In conclusion, we have shown that stable surface gap soliton families do exist in the step-function-like quintic nonlinear media, which can be realized by the Feshbach resonance in BEC or by the photorefractive effect in optics. The amplitudes $A$ of these surface gap solitons increase with the increase of the propagation constant $|b|$, and the curves of $A$ versus $b$ for fundamental, two-, three-, and four-peak solitons are similar. Interestingly, we find that the major peaks of these gap solitons are asymmetric and they are located at the position of the escarpment of the quintic nonlinearity. And the minor peaks of these gap soliton families close to the edges of bandgaps are more obvious than the ones in the central parts of bandgaps. As for the two- and multi-peak (three- and four-peak) solitons, the major peaks of the two-peak and multi-peak solitons at the position $x=0$ are higher than the ones at the positions $x>0$. Such a phenomenon is more evident in the cases with larger values of $|b|$ (the propagation constant) and $\epsilon$ (the strength of the quintic nonlinearity at $x>0$).

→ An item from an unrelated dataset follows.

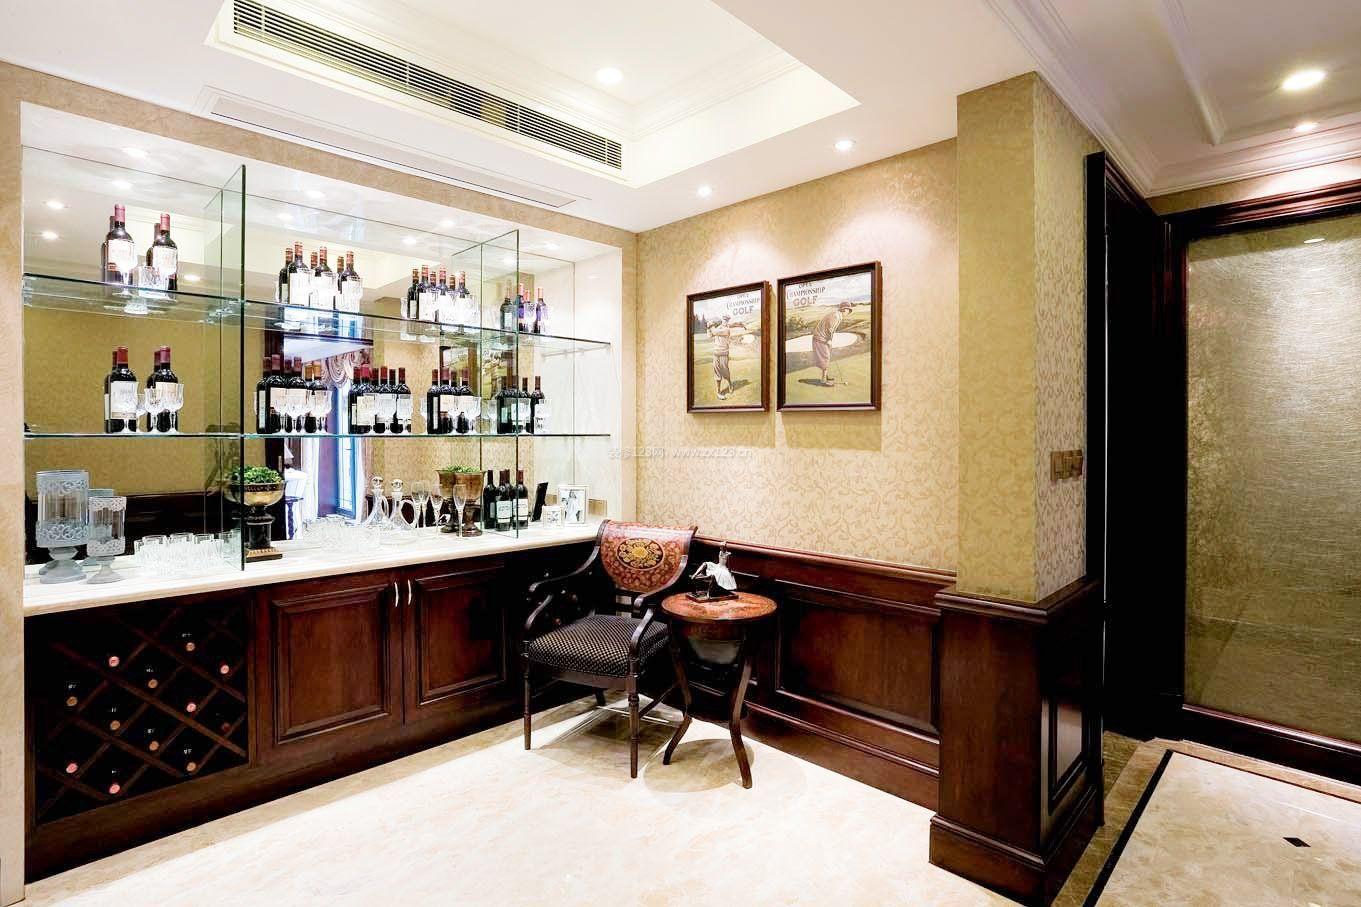 家庭室内红酒柜装修效果图片大全图片

The stability domains for these surface gap solitons are obtained by the linear stability analysis and are confirmed by direct numerical simulations. We find that the solitons in the first bandgap are mostly stable (excepting those very close to the edge of the gap), while those in the second bandgap are mostly unstable, though a very narrow domain of stability is found only for fundamental solitons. The value of the parameter $\epsilon$ (the size of the nonlinearity jump) does not affect too much the stability regions. Our results may be found useful for the description of asymmetric nonlinear media, and the corresponding physical behavior at the sudden change of nonlinearity.